In this talk, I will present our the ML formulations to demonstrate how to handle these challenges for two main problem domains in distributed systems: (I) Scheduling in parallel data-intensive computational frameworks for improved tail latencies, and (II) Performance-aware resource allocation in the public cloud environments for meeting user-specified performance and cost goals. Along the way, I will also share a list of guidelines for leveraging ML for solving problems in systems, based on my experience.
Learning to Optimize SQL Joins With Deep Reinforcement Learning (recording)

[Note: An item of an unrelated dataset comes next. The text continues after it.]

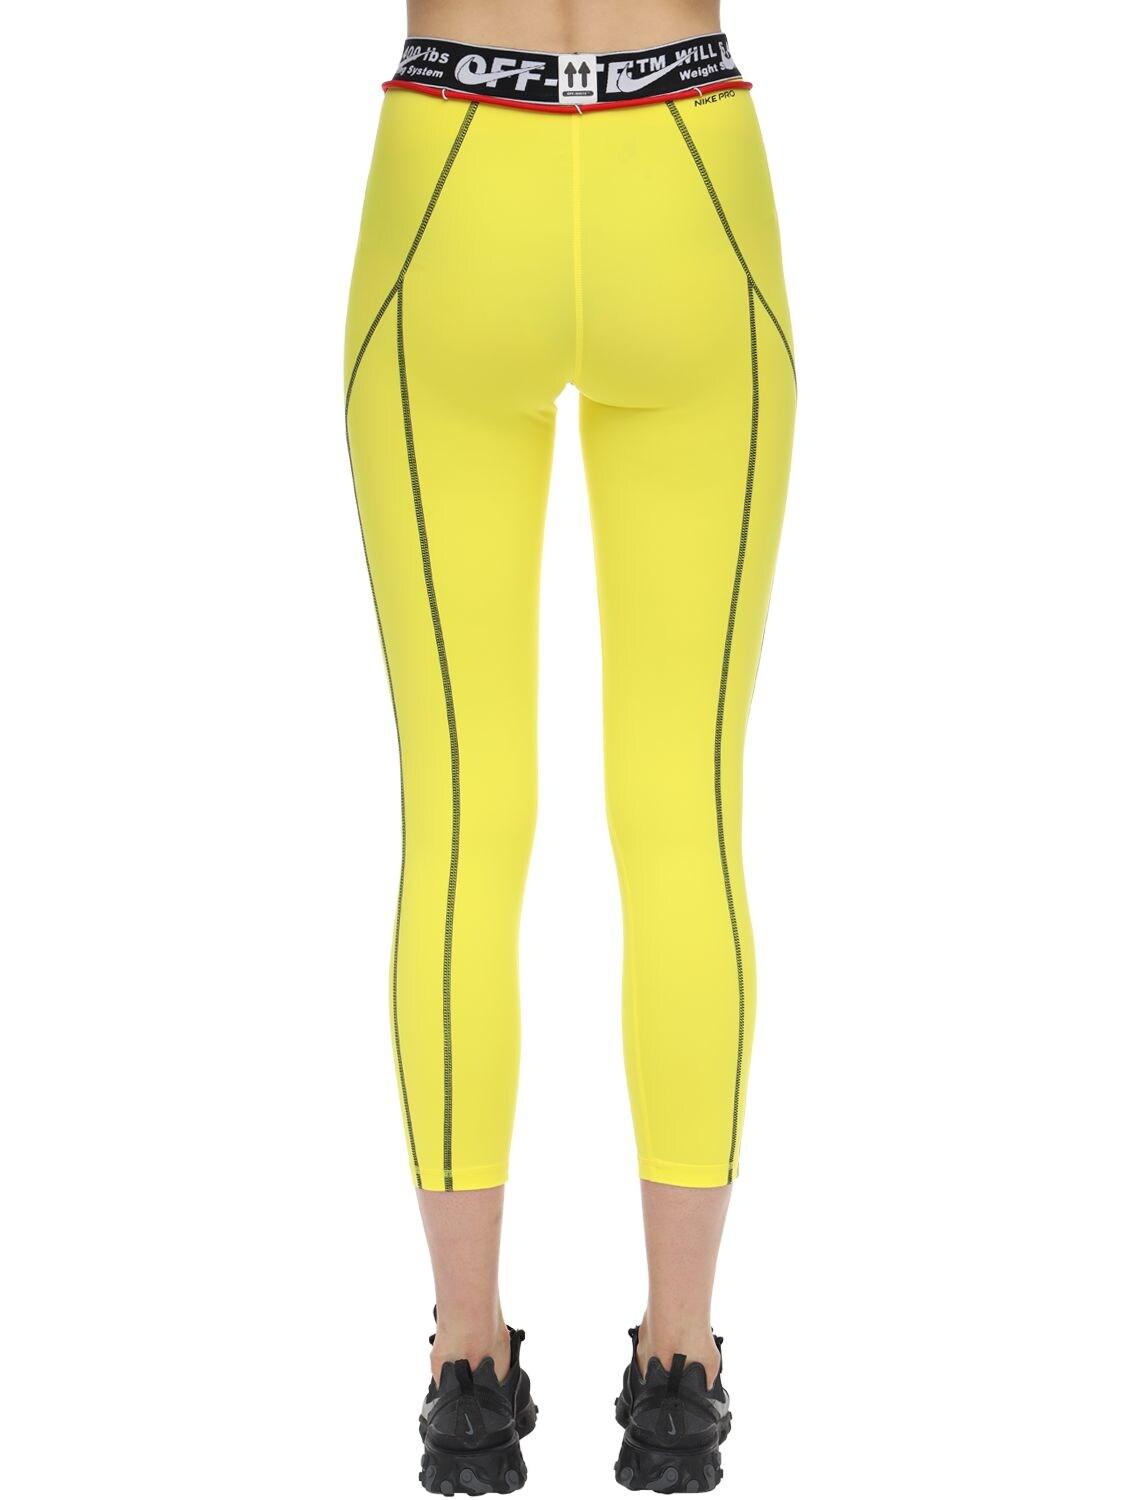 Nike Off-white W Nrg Ru Pro Tight Leggings in Yellow | Lyst

To integrate information from more than two tables, a SQL query optimizer must identify the most efficient nesting of two-way table join operations to answer the query. Recent advances in AI may provide an unexpected new perspective on this classical problem that has been studied for over 40 years. Join optimization can be posed as a Markov Decision Process where the state is a graph that represents the join conditions in a query and actions are edge contractions on this graph; thereby, allowing us to apply ideas from deep reinforcement learning and imitation learning to facilitate an improved query optimizer that learns from experience, handles uncertainty, and incorporates execution feedback. I describe how our group built a full-featured query optimizer based on this MDP architecture, and we present results across a variety of database designs and query workloads in Postgres SQL and Apache Spark. I conclude by highlighting some of the under-appreciated RL research challenges in exploration, parametrization, and policy evaluation unearthed by this application.